U.S. officials said at a news conference in Dhaka that the situation in Myanmar was still grave for the Rohingya people.
They
urged both Myanmar and Bangladesh to work out a long-term solution
while stressed the need for providing food and basic healthcare to
stateless Rohingya.
Dan W. Mozena praised Bangladesh for its years
of support to the Rohingya people but urged the country to do more for
tens of thousands of undocumented Rohingya in Bangladesh.
Mozena,
who did not visit Myanmar but went with the full delegation to the camps
in Bangladesh, said the situation was "grim" among refugees outside the
official camps who were deprived of basic needs.
Some 28,000
Rohingya refugees live in two official camps in Cox's Bazar district,
but tens of thousands of others languish outside without proper care or
facilities.
The government of Prime Minister Sheikh Hasina earlier
this year asked three international organizations to stop providing
services to undocumented Rohingya to discourage fresh refugees from
Myanmar. The government says it needs to take precautions because it has
intelligence reports that some Islamic militant groups have targeted
the Rohingya refugees for recruitment.
The U.S. officials were
concerned about the situation of Rohingya people in Myanmar, said one of
the delegation who visited there, Kelly Clements, deputy assistant
secretary for Bureau of Population, Refugees and Migration.
Clements
said displacement of Rohingya people was still rampant in the troubled
region, where many homes were burned to the ground during the violence.

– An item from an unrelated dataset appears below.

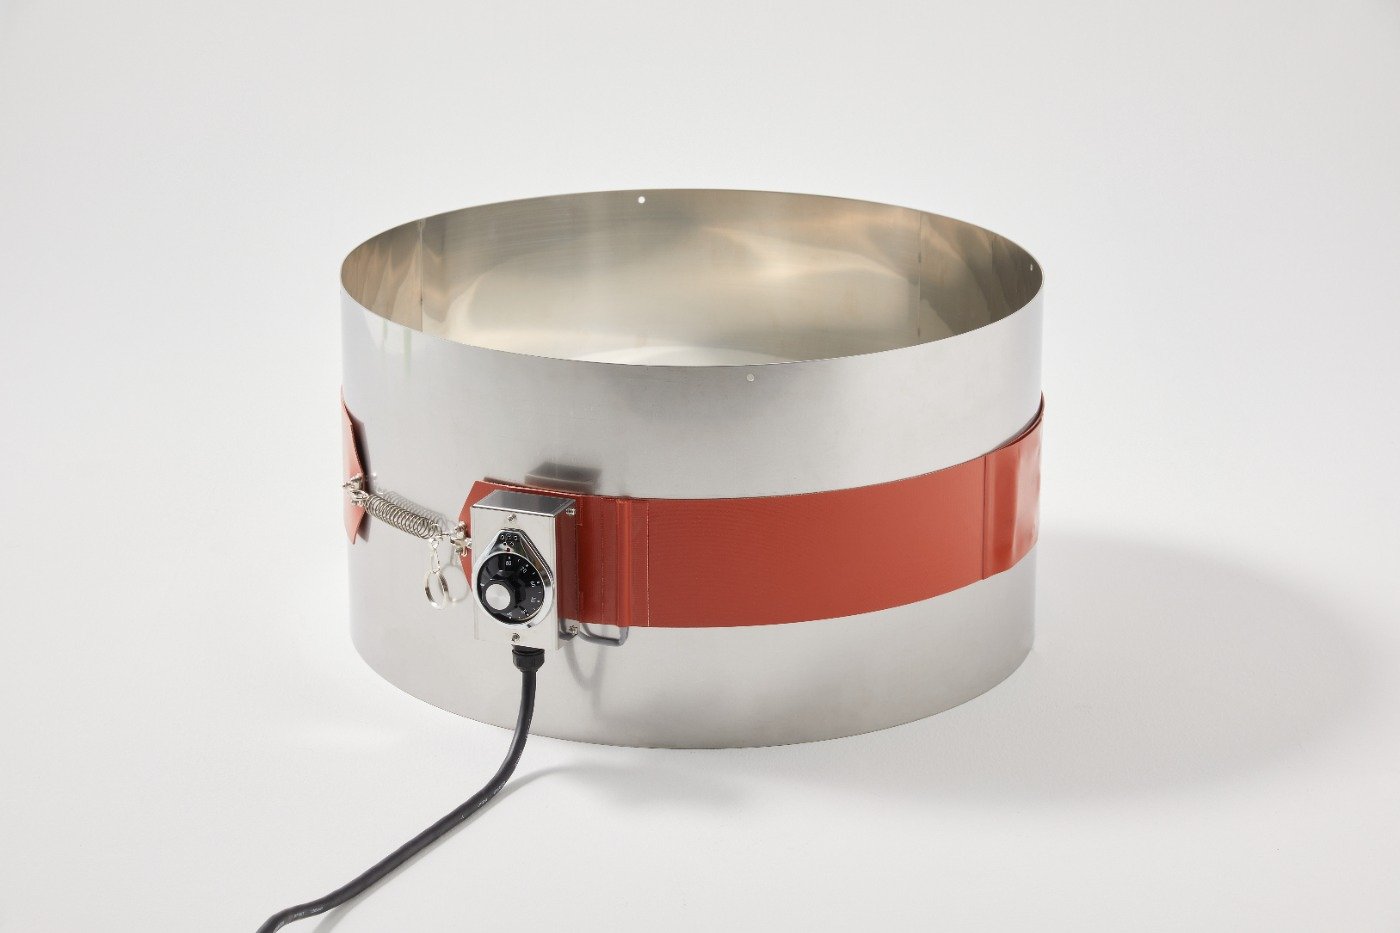 BAOSHISHANドラム缶ヒーター オーエムヒーター ドラム缶用加熱機器 加熱ベルト ノブ型 オレンジ200L110V (200L 174 - 8

But she praised Myanmar for allowing them "unprecedented access" to see
the area.
She said reconciliation and reintegration of the ethnic groups should top Myanmar's government agenda to resolve the crisis.
She said both Bangladesh and Myanmar should ensure basic assistance to the people in trouble.
The U.S. officials also pushed for continuous dialogue between Bangladesh and Myanmar.
Myanmar
considers the Rohingya to be illegal immigrants from Bangladesh and
denies them citizenship. Bangladesh says Rohingya have been living in
Myanmar for centuries and should be recognized there as citizens.
In the 1990s, about 250,000 Rohingya Muslims fled to Bangladesh in the face of alleged persecution by the military junta.
Later, Myanmar took back most of them, leaving some 28,000 in two camps run by the government and the United Nations.
Bangladesh
has been unsuccessfully negotiating with Myanmar for years to send them
back and, in the meantime, tens of thousands of others have entered
Bangladesh illegally in recent years.